A oliveira é uma árvore característica da bacia mediterrânica, onde existem vestígios arqueológicos do seu cultivo e da produção de azeite que remontam às civilizações grega e romana. Igualmente, em Portugal há uma longa tradição desta cultura de norte a sul do país. Nos últimos anos assistiu-se a um aumento significativo da área de olival intensivo no sul do país, mantendo-se o olival tradicional (37,2%) distribuído por toda a área do território nacional.

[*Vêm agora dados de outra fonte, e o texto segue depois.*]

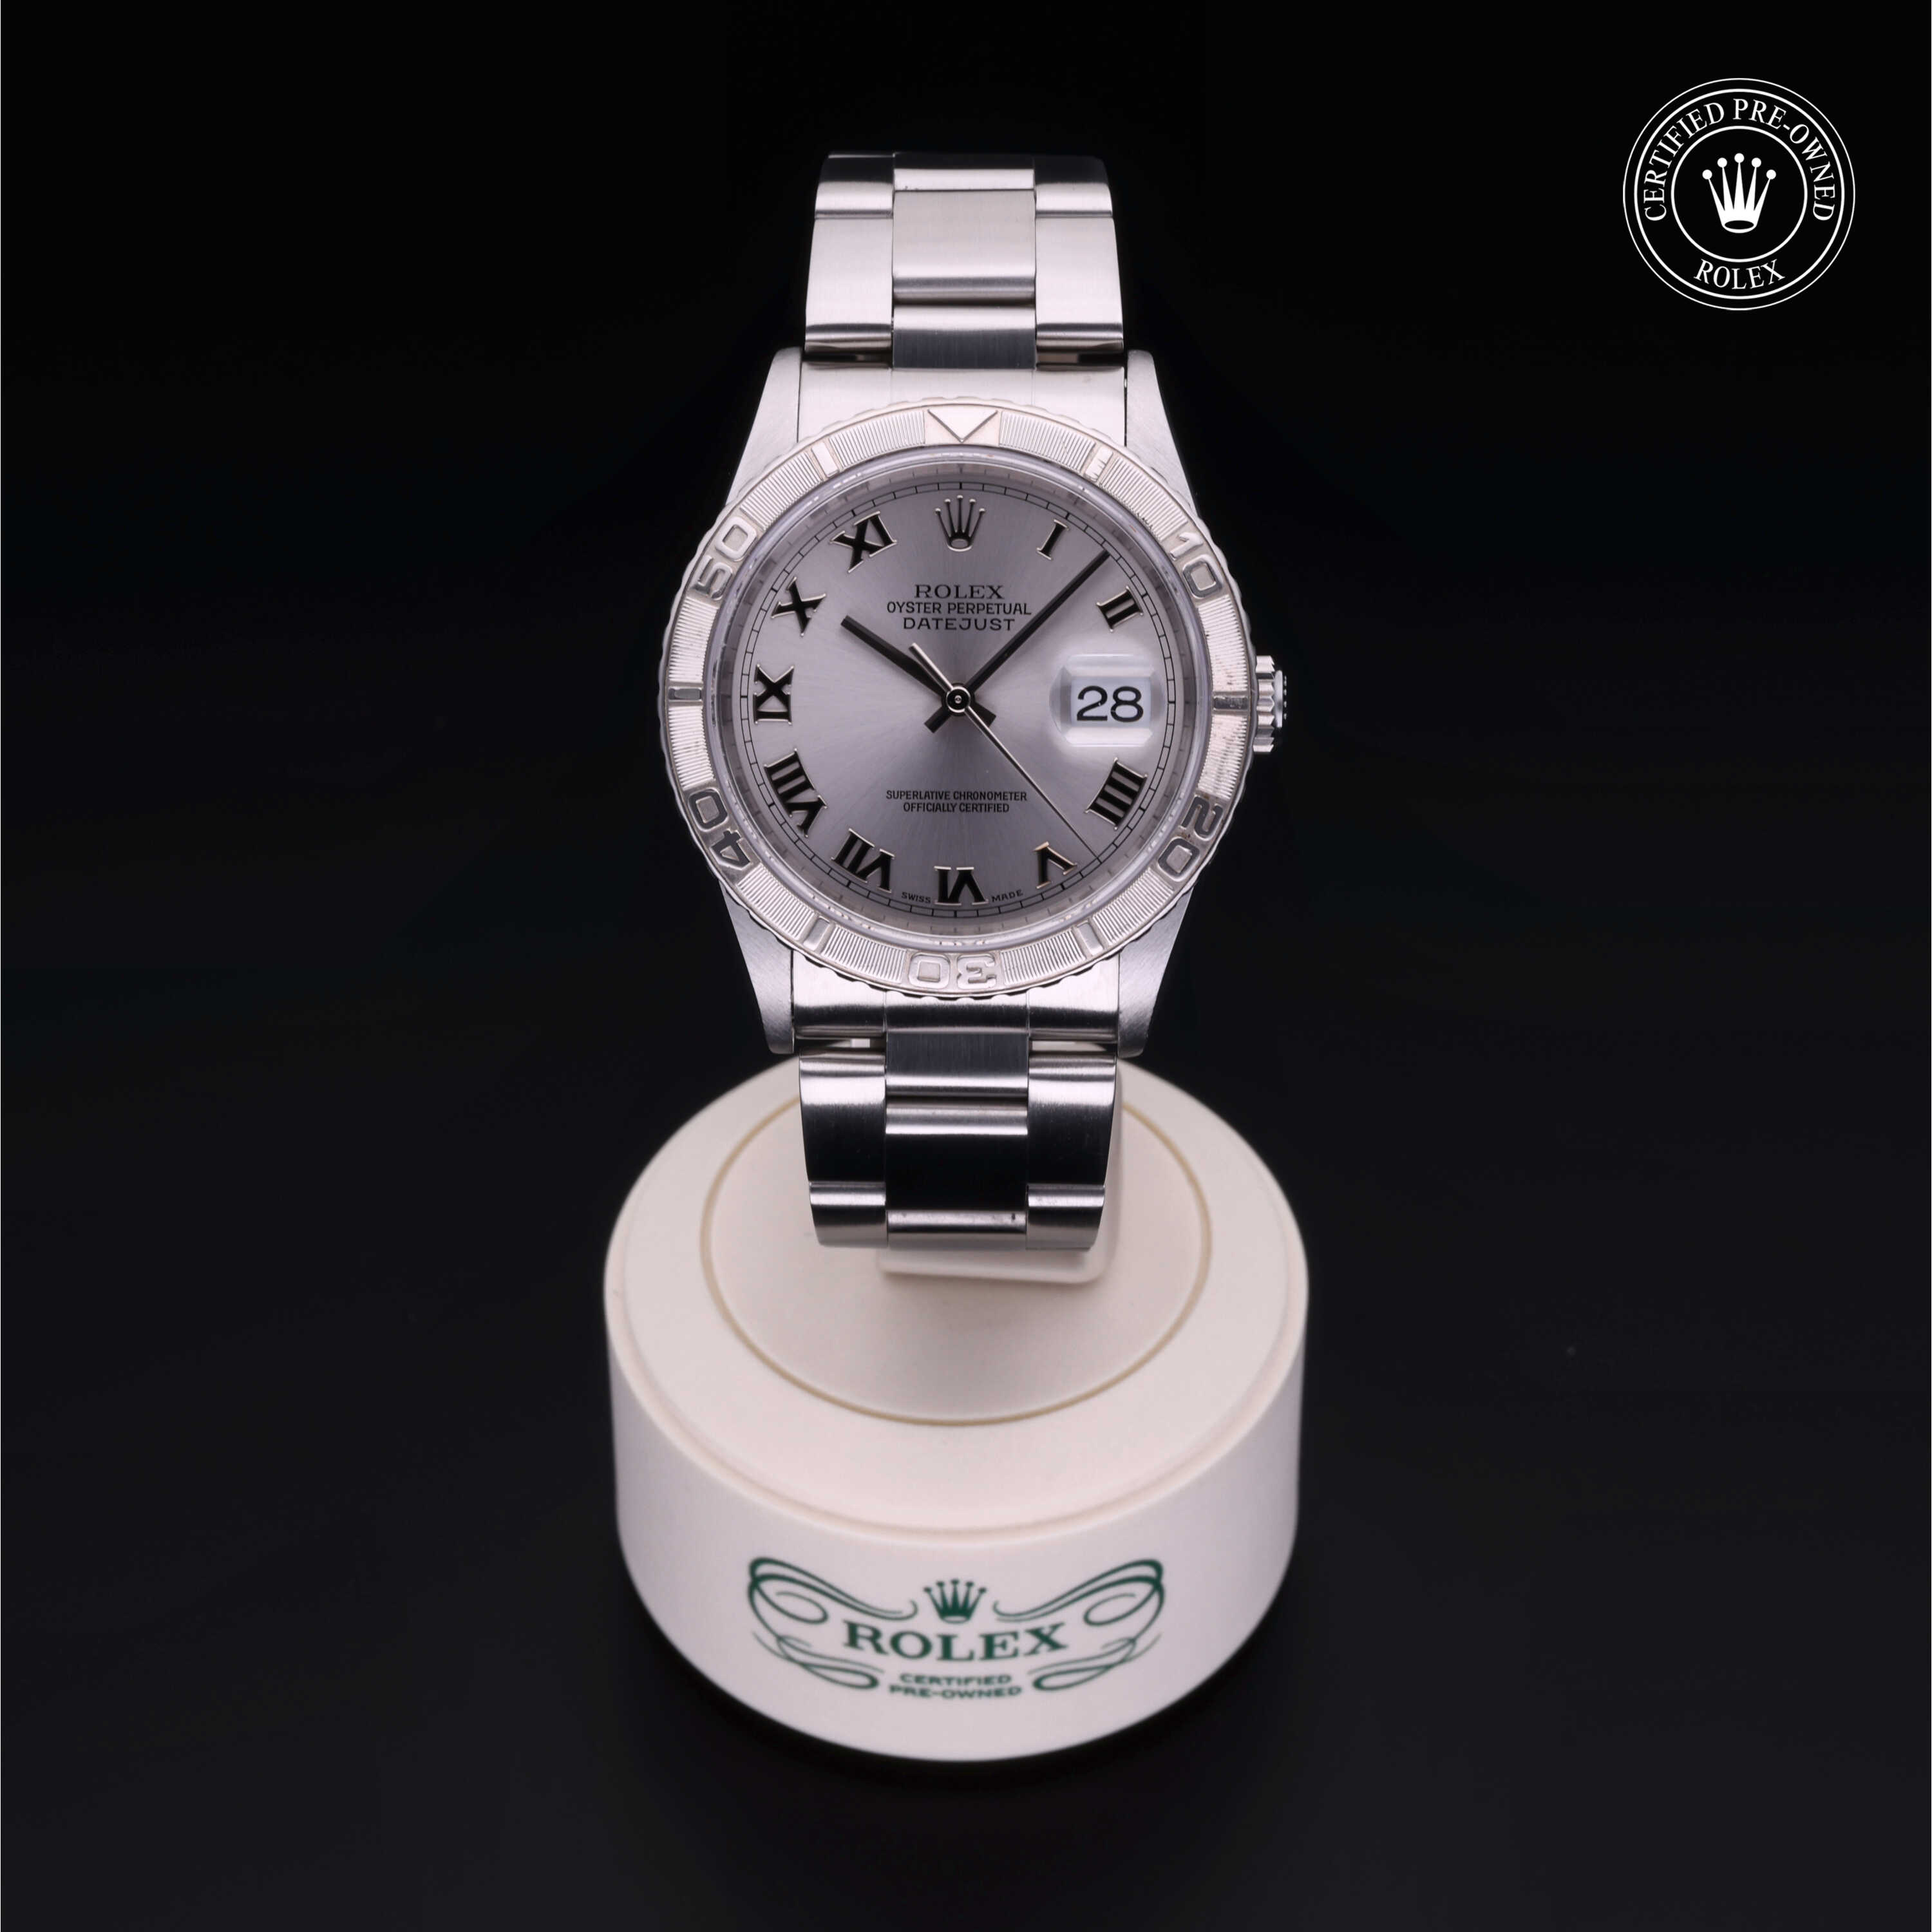 Rolex Turn-O-Graph in Oystersteel and white gold M16264-0034 at Wilson & Son Jewelers

Existem em Portugal sete Regiões Demarcadas de produção de azeite: Trás-os-Montes; Beira interior/Beira Alta; Beira Interior/Beira Baixa; Ribatejo; Norte Alentejano; Alentejo Interior e Moura.
O azeite que se apresente rotulado com a indicação DOP (denominação de origem protegida) tem de ter características de azeite virgem extra.
Na campanha 2018-2019 Portugal produziu mais de 1 milhão de hectolitros de azeite sendo o 4º produtor mundial, depois da Espanha, Itália e Grécia.
O Alentejo contribuiu com 80% dessa produção.
No contexto global, a União Europeia produz 69% do azeite consumido mundialmente, sendo que em 2018 Portugal foi responsável por 10% do azeite exportado pela UE.
Em 2019 Portugal exportou 158 600 toneladas de todas as categorias de azeite, 38% das quais tiveram como destino o Brasil, que surge como o maior mercado importador do azeite português.
O consumo mundial de azeite tem-se mantido sensivelmente estável nos últimos 10 anos. Verifica-se que os países produtores são também os maiores consumidores. Relativamente aos países não produtores os consumos mais elevados são observados nos USA e na Alemanha.
Em 2019, a categoria de azeite mais consumida pelos portugueses foi o azeite virgem extra (62,6%) seguido da categoria azeite (constituída por mistura de azeite refinado e azeite virgem) com 24,2% e do azeite virgem (13,2%).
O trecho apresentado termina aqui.